Material for this exercise:
* * * * * * *
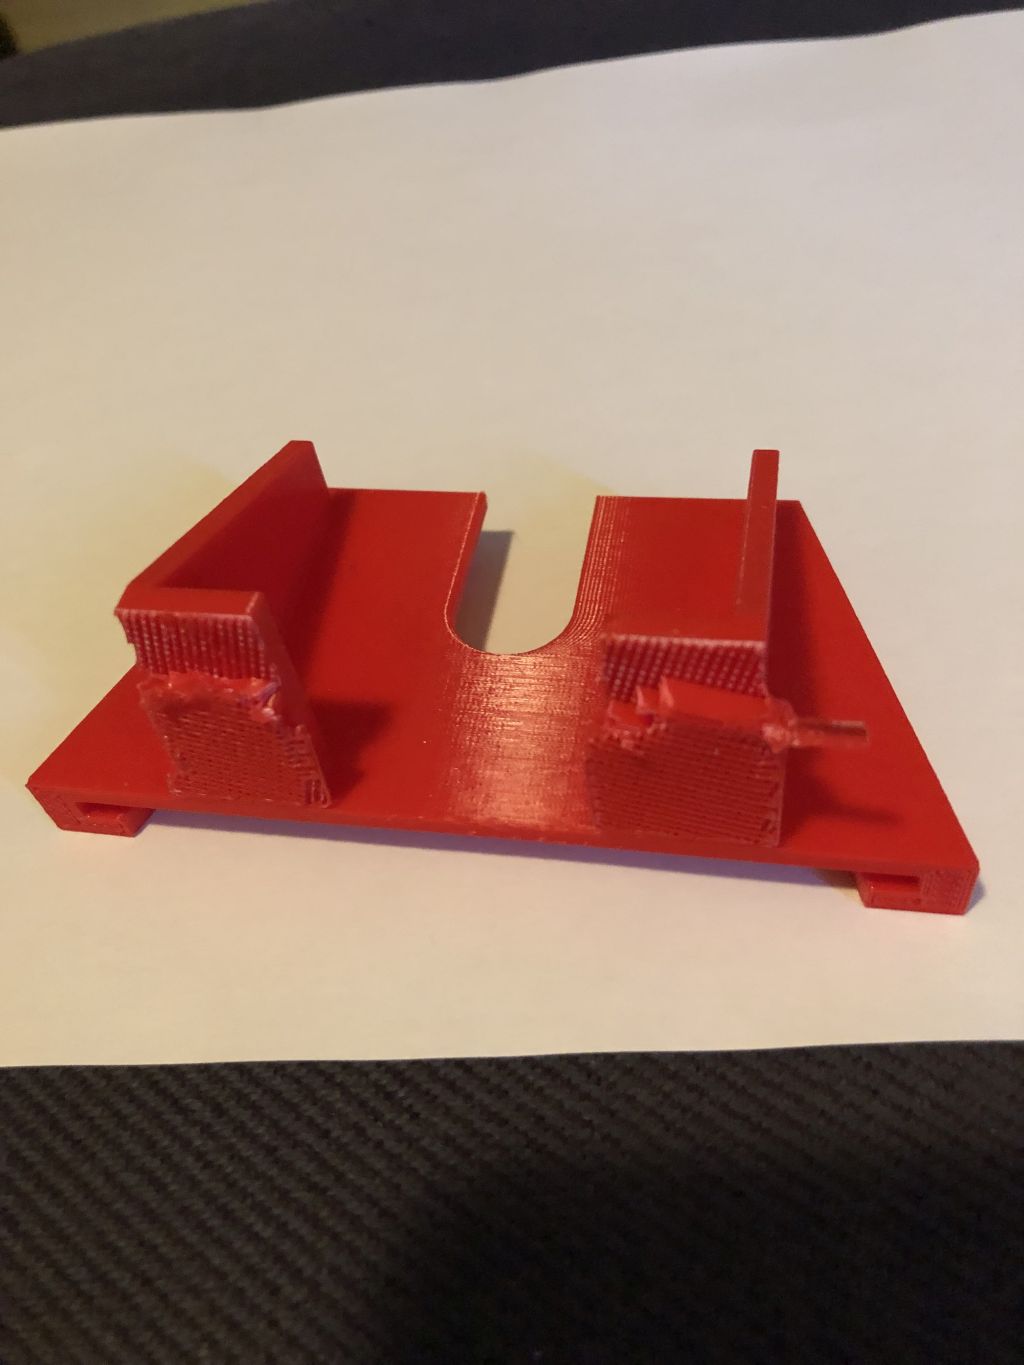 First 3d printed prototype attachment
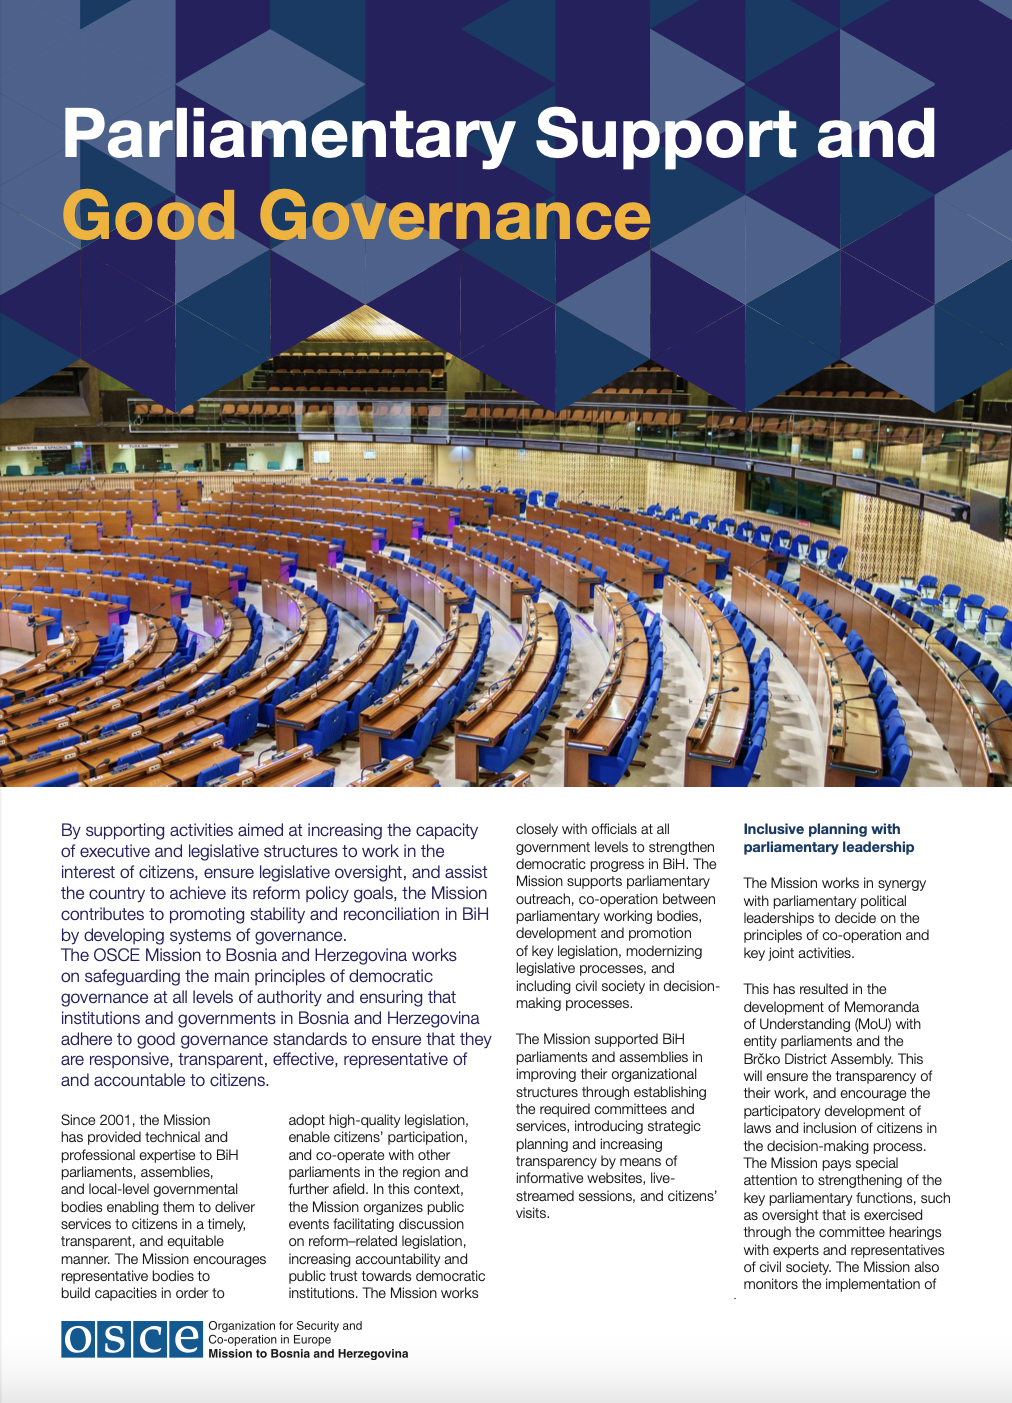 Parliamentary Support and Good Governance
* * * * * * *
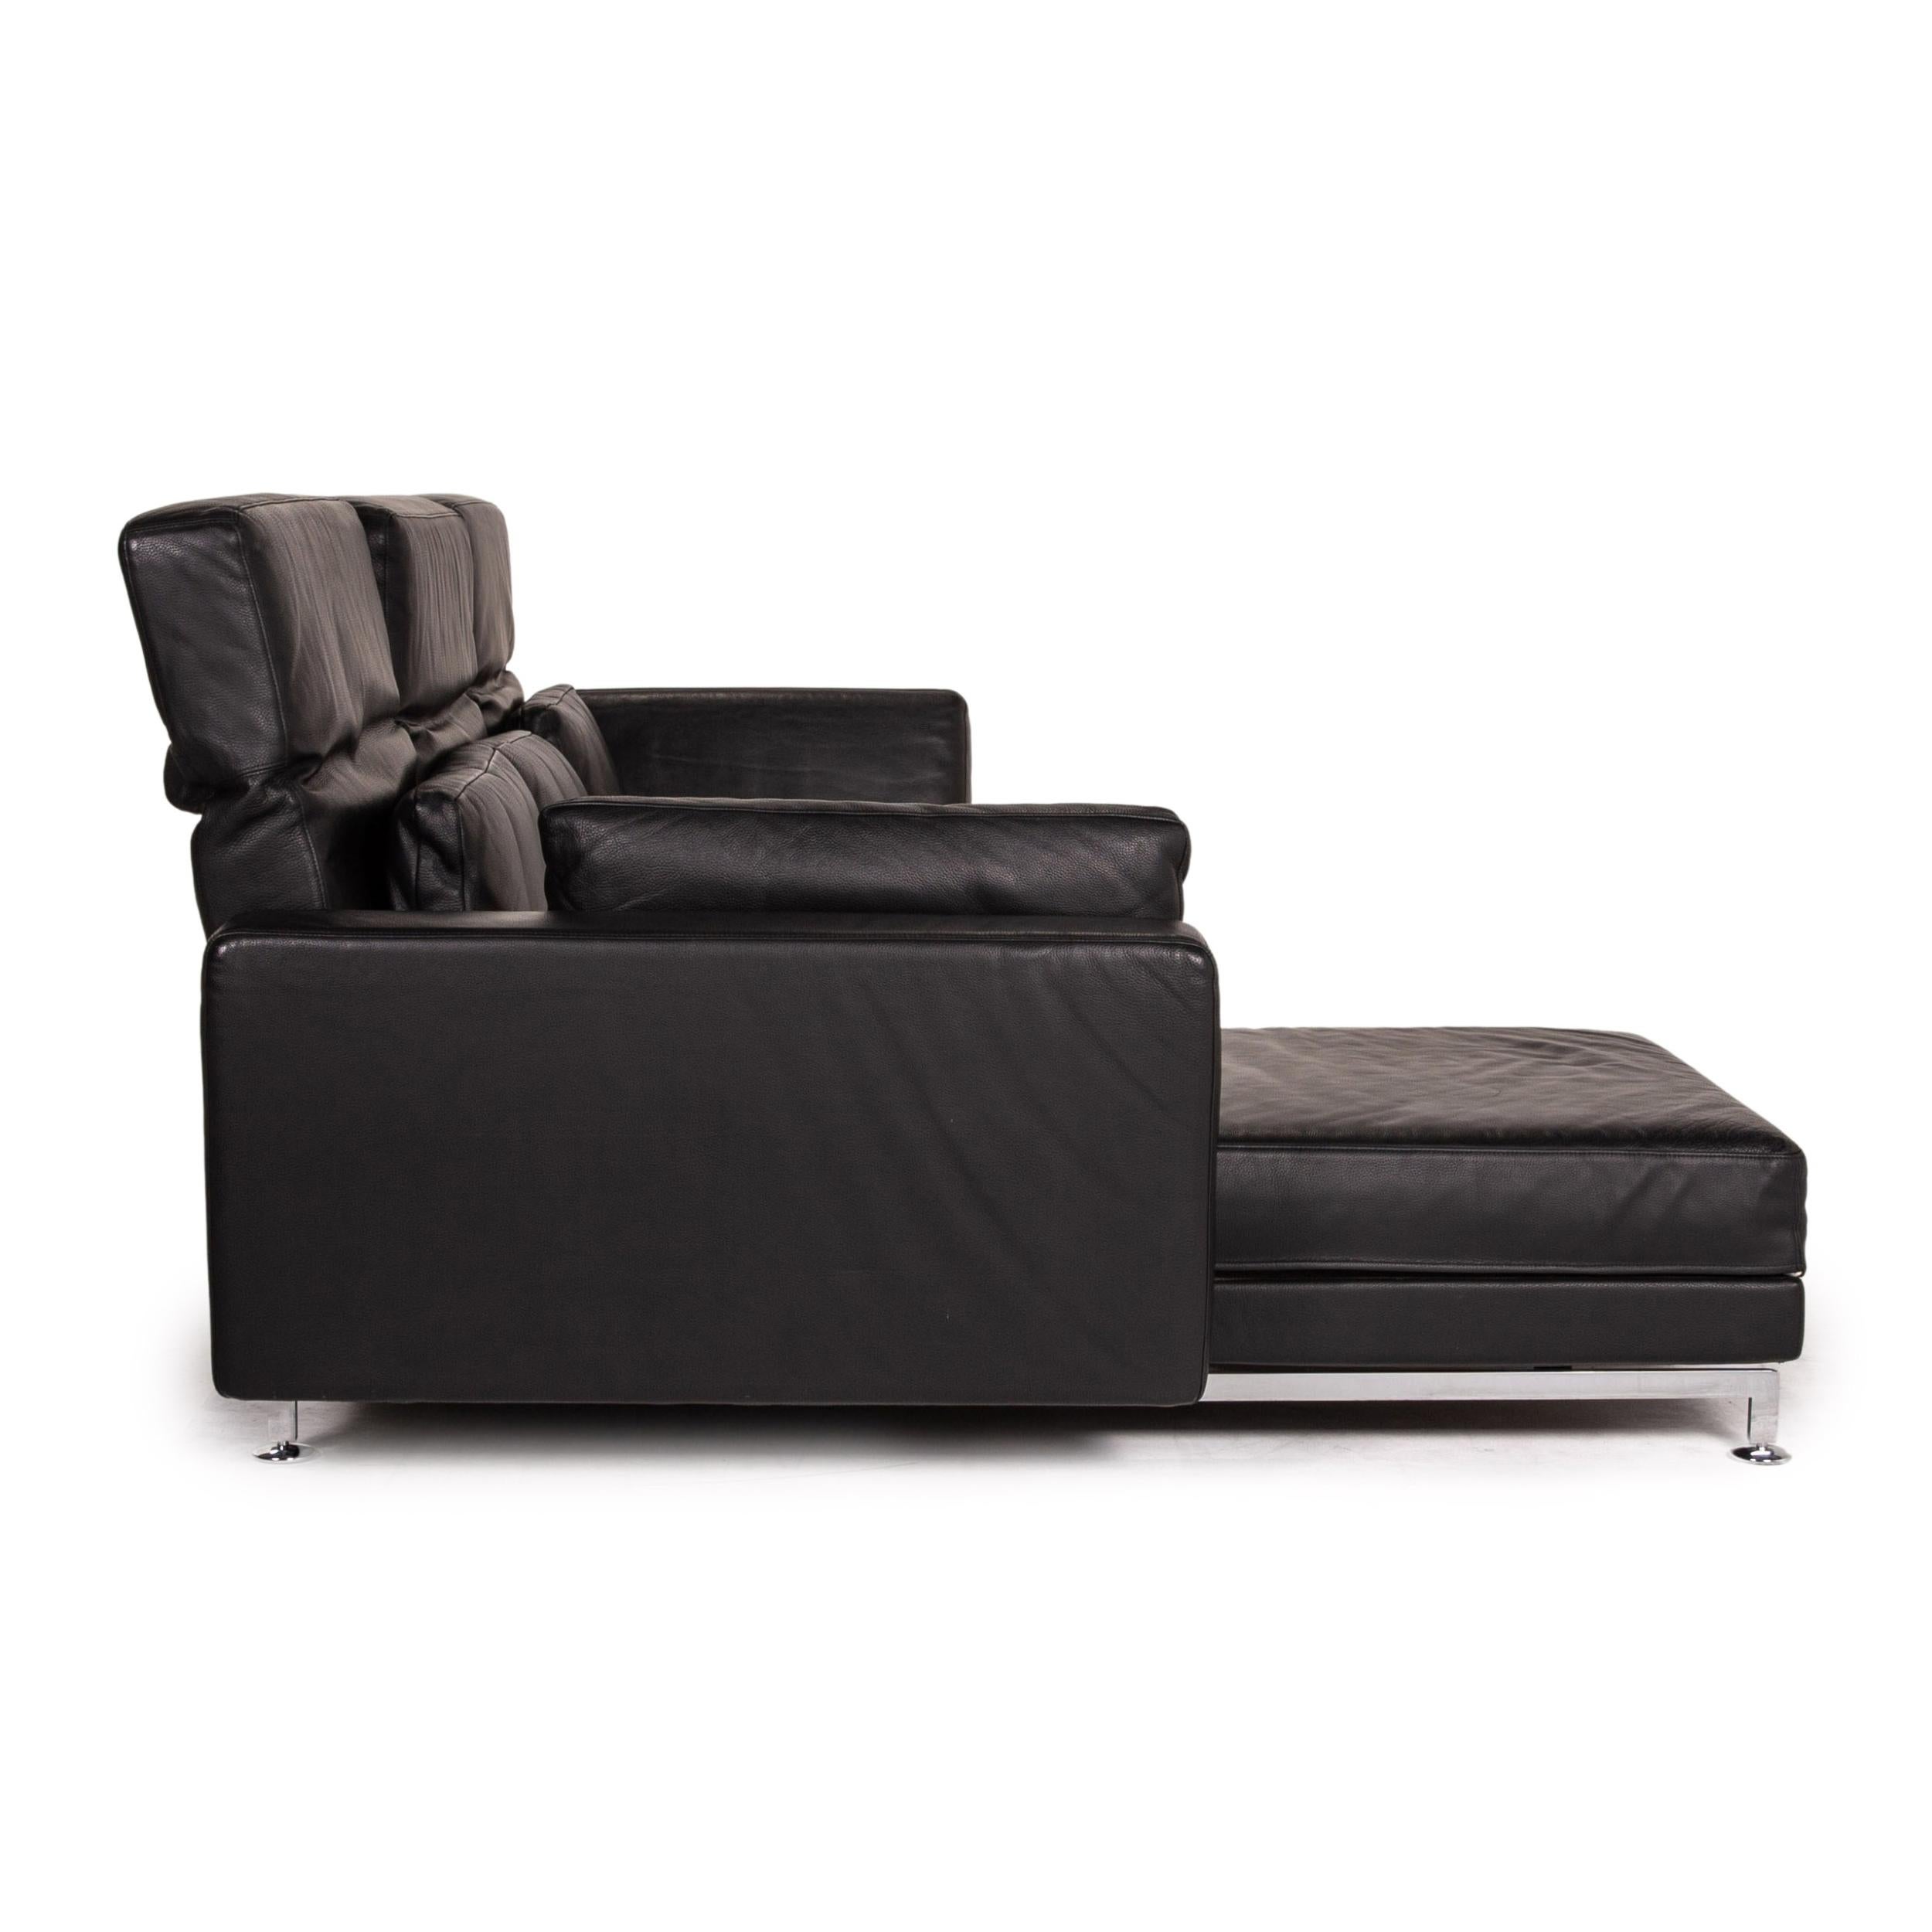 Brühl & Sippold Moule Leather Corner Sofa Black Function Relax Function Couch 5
* * * * * * *
What to work on: How would the lines above read from the one with "First 3d printed prototype attachment" to the one with "Parliamentary Support and Good Governance", inclusive, with no pictures? Write them out exactly.

Exercise output:
 First 3d printed prototype attachment
 Parliamentary Support and Good Governance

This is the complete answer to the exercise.